The positive performance kept efficiency high (the cost/income ratio declined to 3%, compared with 4.6% in 2011) and boosted the return on capital employed (ROE at 19.7%, compared with 11.7% in 2011).

 

HIGHLIGHTS FOR CDP SPA (millions of euros) 2012       2011

RECLASSIFIED BALANCE SHEET DATA          
Total assets 305,431       273,586
Cash and cash equivalents and other treasury investments 139,062       128,615
Loans to customers and banks 100,508       98,591
Equity investments and shares 30,570       19,826
Postal funding 233,631       218,408
Other direct funding 16,462       17,126
Shareholders' equity 16,835       14,469
           
RECLASSIFIED PERFORMANCE DATA          
Net interest income 3,522       2,329
Gross income 3,653       2,030
Operating income 3,530       1,939
Net income 2,853       1,612
 
OPERATING STRUCTURE          
Average no. of employees 512       486
 

 

 CDP Group

The consolidated financial statements at 31 December 2012 show net income pertaining to the shareholders of the parent company in the amount of €2.924 billion up 35% compared with 2011. Total assets reached €328.551 billion, an increase of 14% compared with 2011, while equity pertaining to shareholders of the parent company amounted to €18.183 billion, up from €15.525 billion  in 2011.

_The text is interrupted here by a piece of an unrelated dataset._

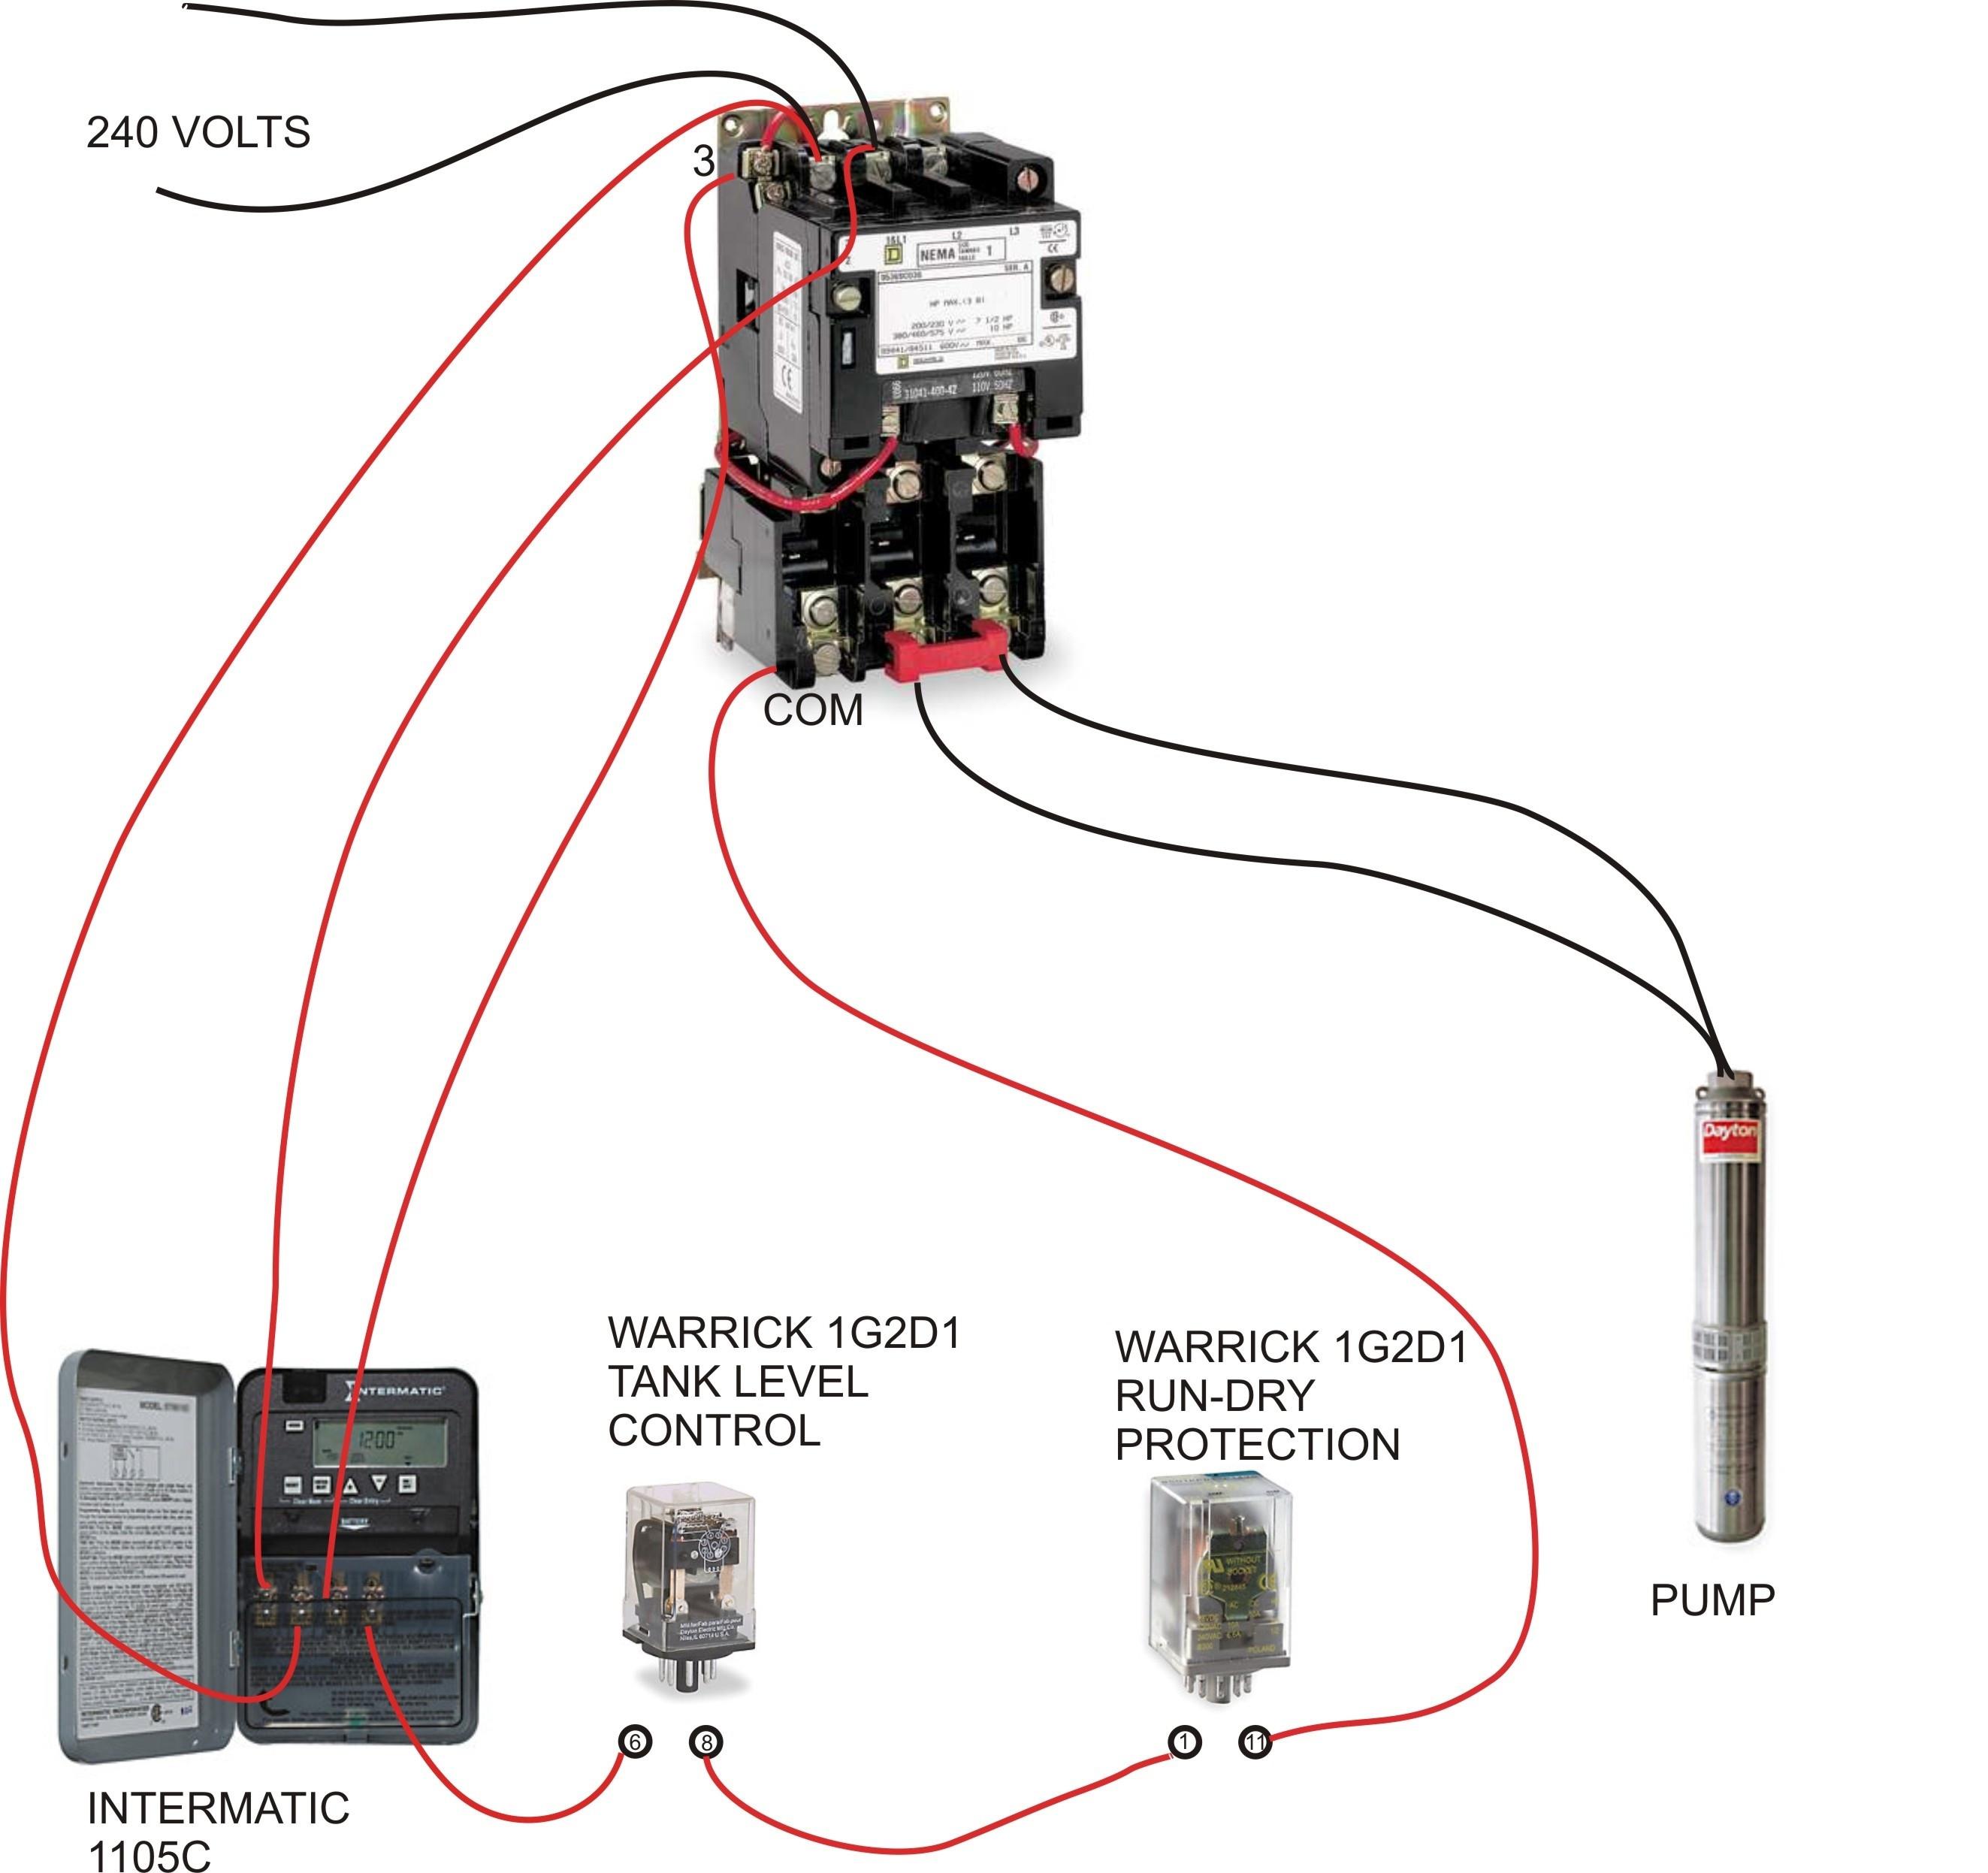 jet pump pressure switch wiring diagram Download-Wiring Diagram for Pressure Switch Inspirationa Well Pump Pressure Switch Wiring Diagram Wiring Diagram 11-l

The 2012 Annual Report accompanied by the statements pursuant to Article 154 bis, paragraph 5, of the Consolidated Law on Financial Intermediation, as well as the reports of the external audit firm and the Board of Auditors will be made available to the public at the registered office and published in the CDP website in accordance the statutory deadline.

 Convocation of ordinary shareholders’ meeting

CDP has called an ordinary shareholder’s meeting for 17 April 2013. On the agenda is, in addition to approval of the annual financial results, the renewal of the Board of Directors and the Board or Auditors, as well as the integration of the auditing firm’s remuneration.

 

The manager responsible for preparing the corporate financial reports, Andrea Novelli, declares pursuant to paragraph 2 of Article 154-bis of the Consolidated Law on Financial Intermediation that the accounting information contained in this press release corresponds to that in the accounting documentation, books and records.